▶ INFORMATION PROVIDED
****************************************
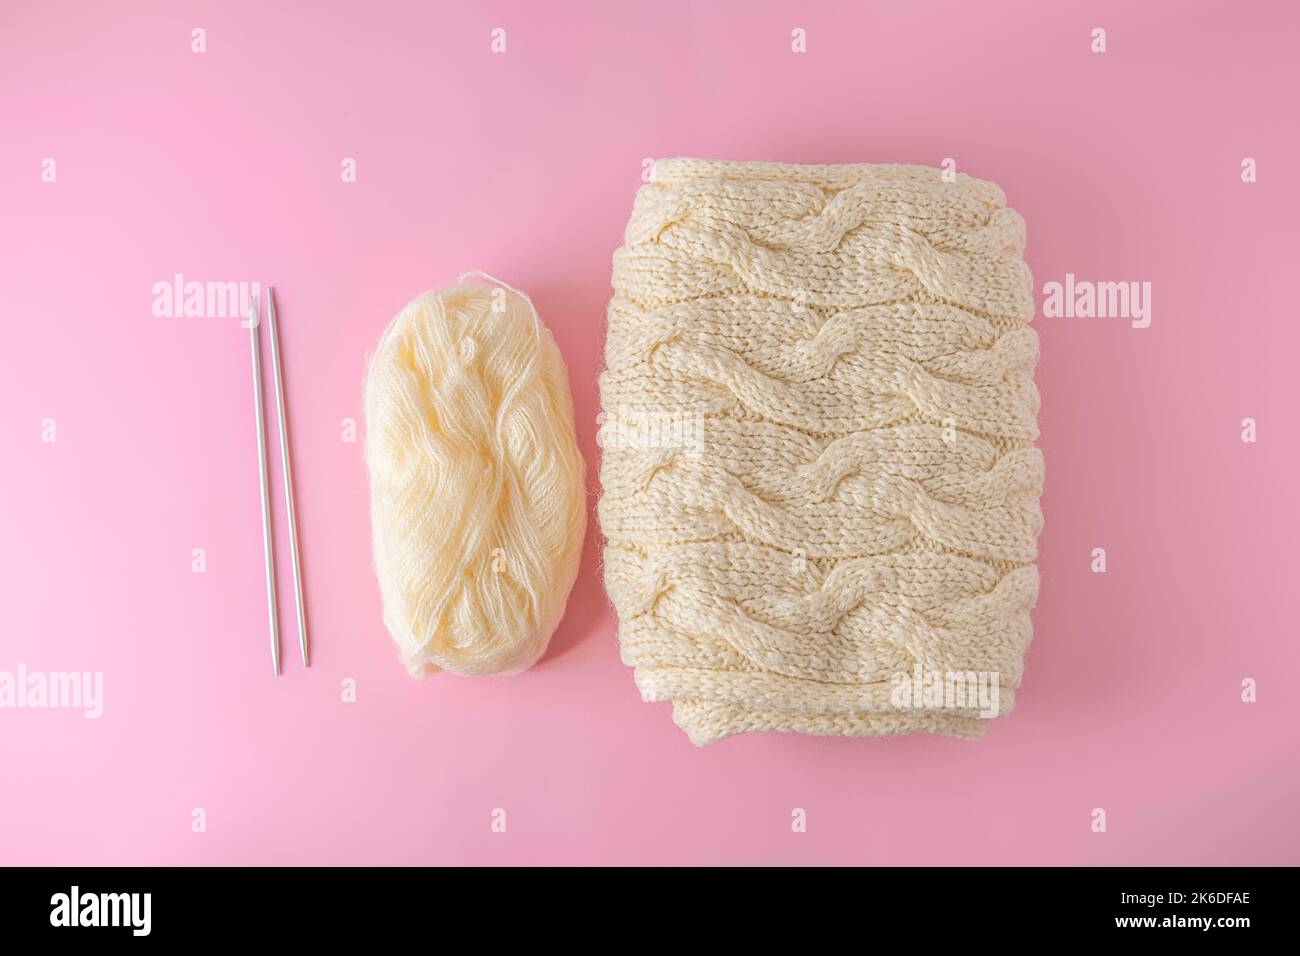 Flat lay with ball of yarn, needles and knitted scarf on light pink background. Handmade and knitting hobby concept Stock Photo
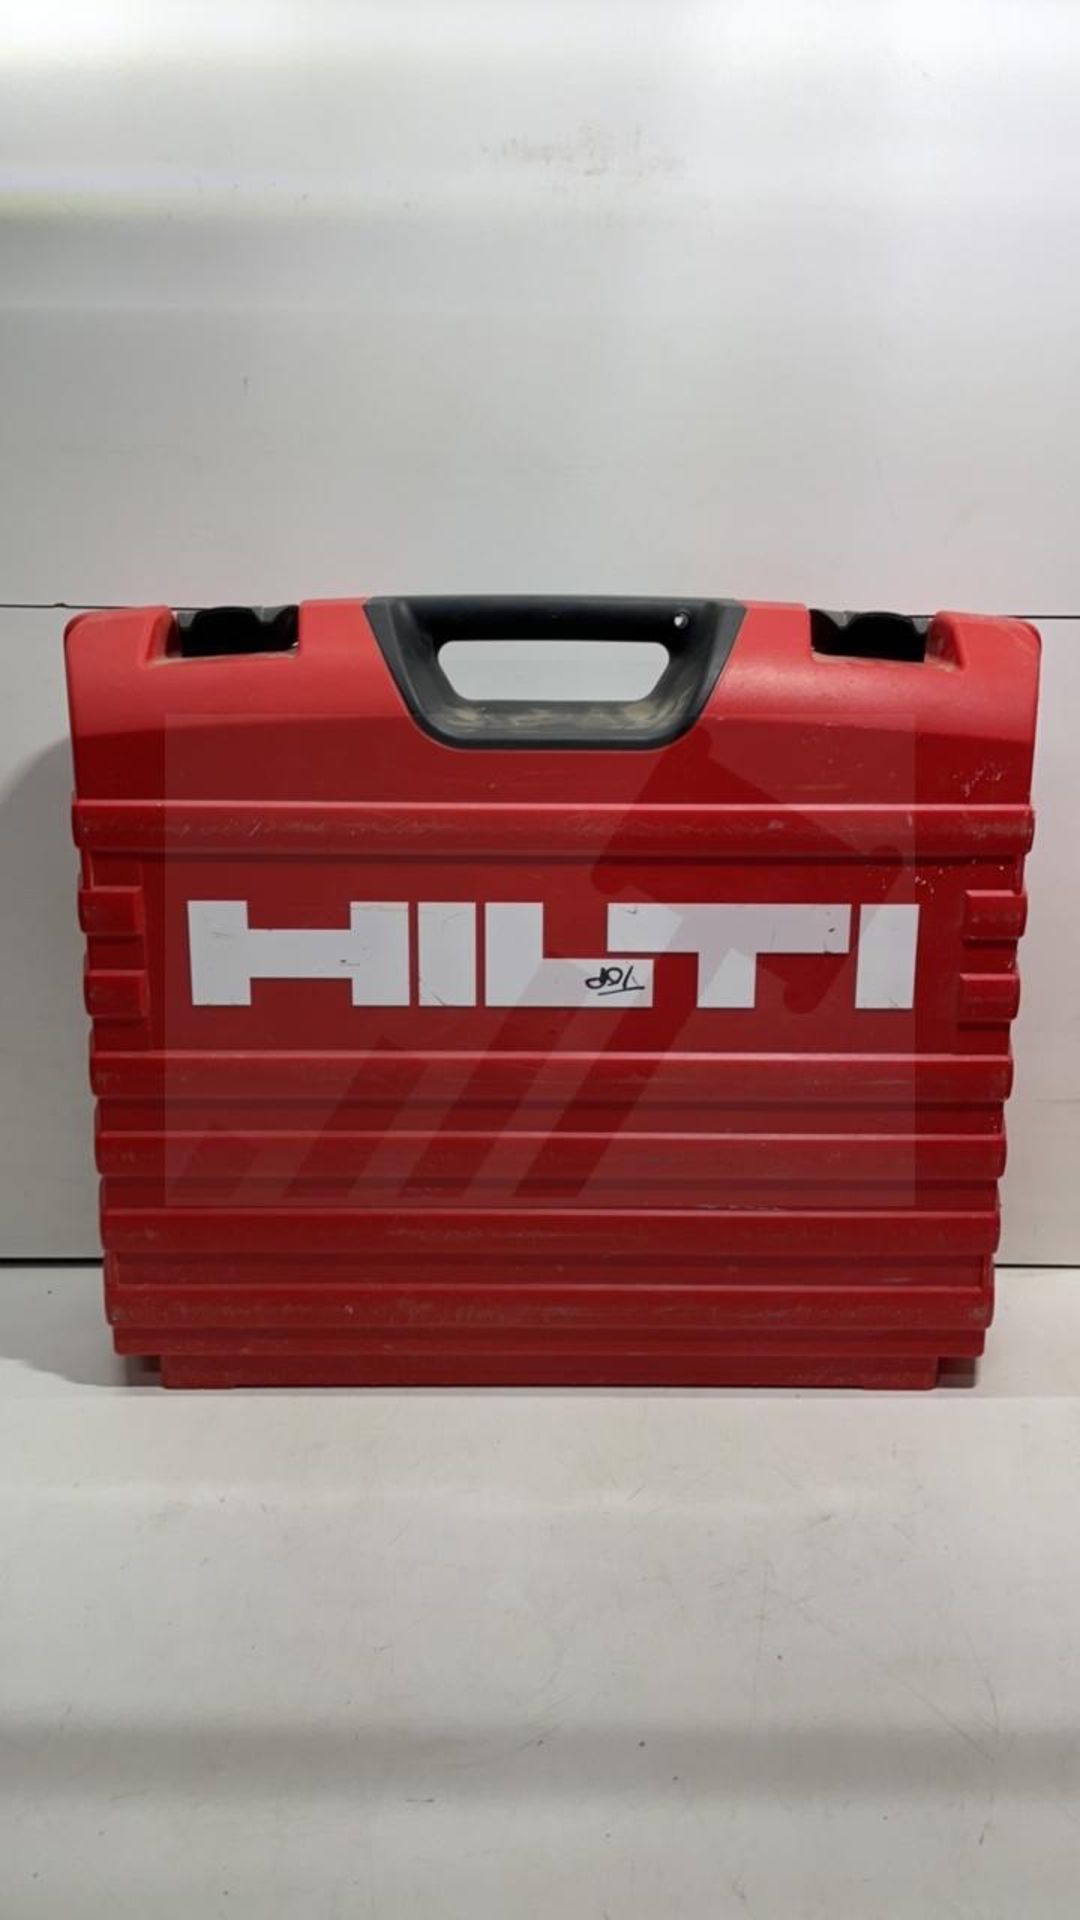 HILTI GX120 Gas Nailer w/Single Power Source for Metal Track, Electrical, Mechanical & Building Cons - Image 5 of 5
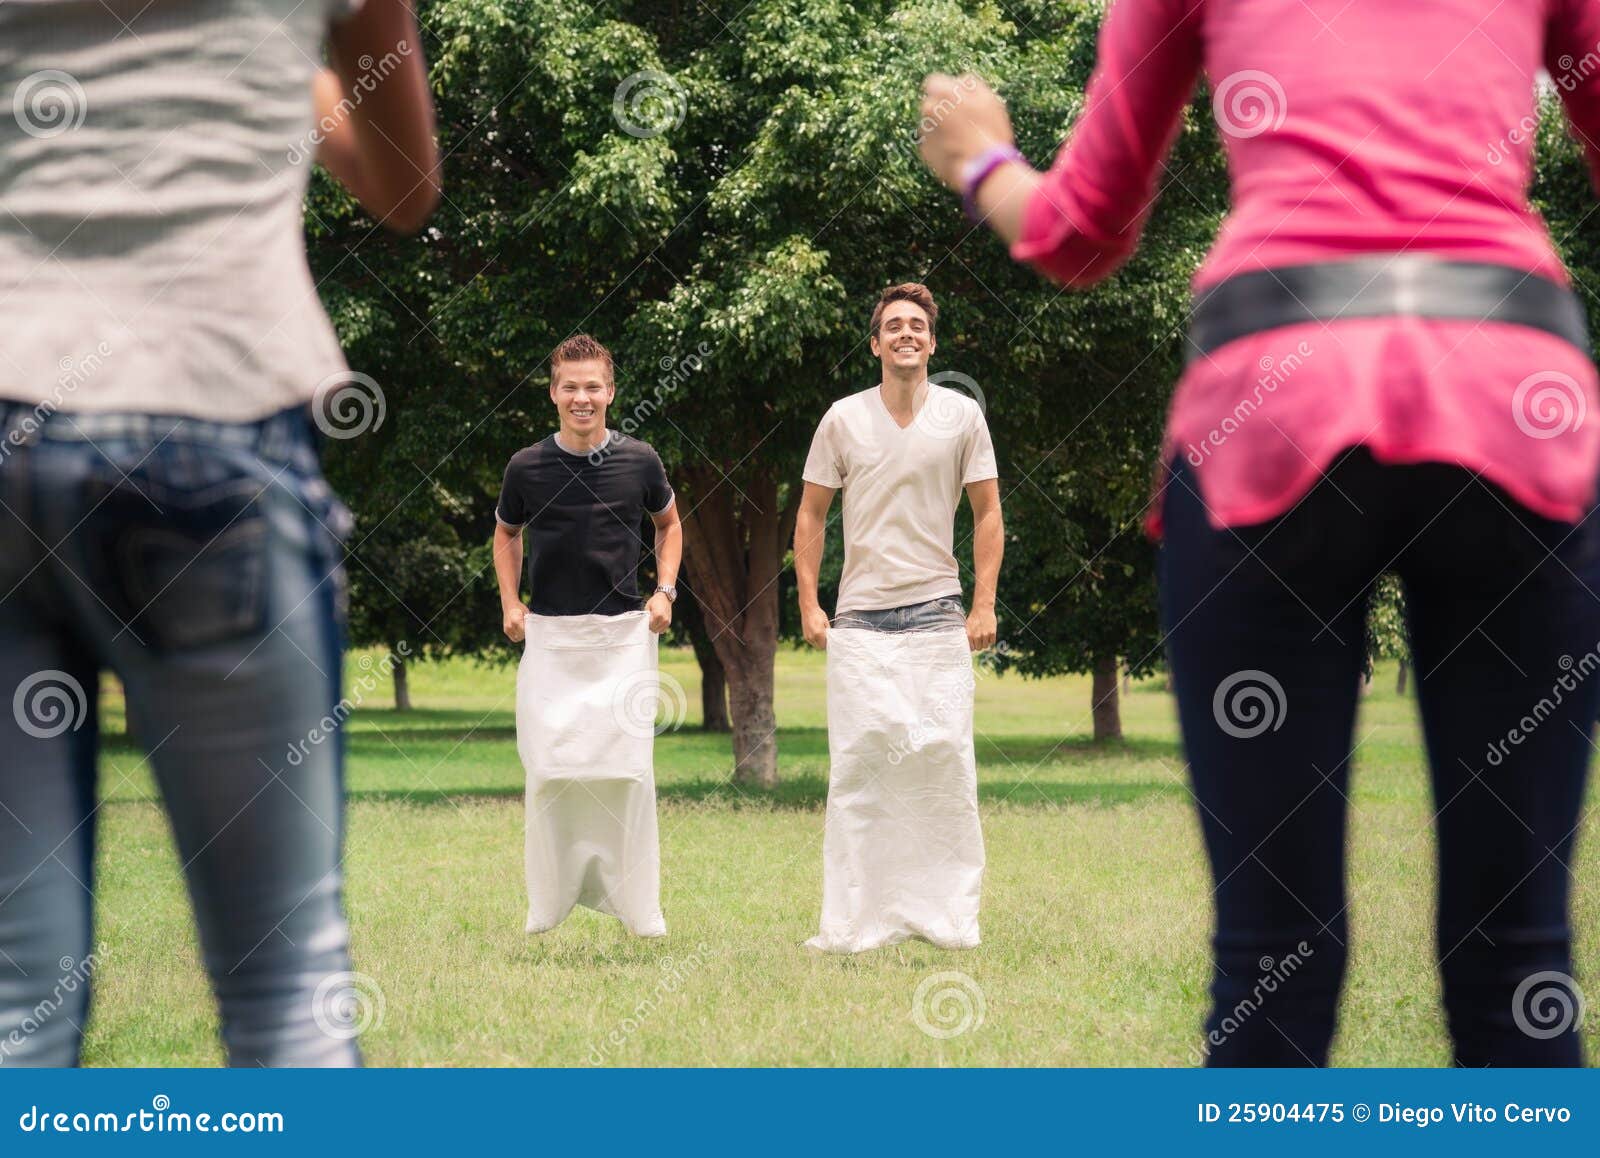 Men Playing Sack Race with Girlfriends Cheering Stock Image - Image of ...
****************************************
Transcribe the listing above in full. Pictures are not part of the copy.

▶ RESULT OF THIS EXERCISE
 Flat lay with ball of yarn, needles and knitted scarf on light pink background. Handmade and knitting hobby concept Stock Photo
 HILTI GX120 Gas Nailer w/Single Power Source for Metal Track, Electrical, Mechanical & Building Cons - Image 5 of 5
 Men Playing Sack Race with Girlfriends Cheering Stock Image - Image of ...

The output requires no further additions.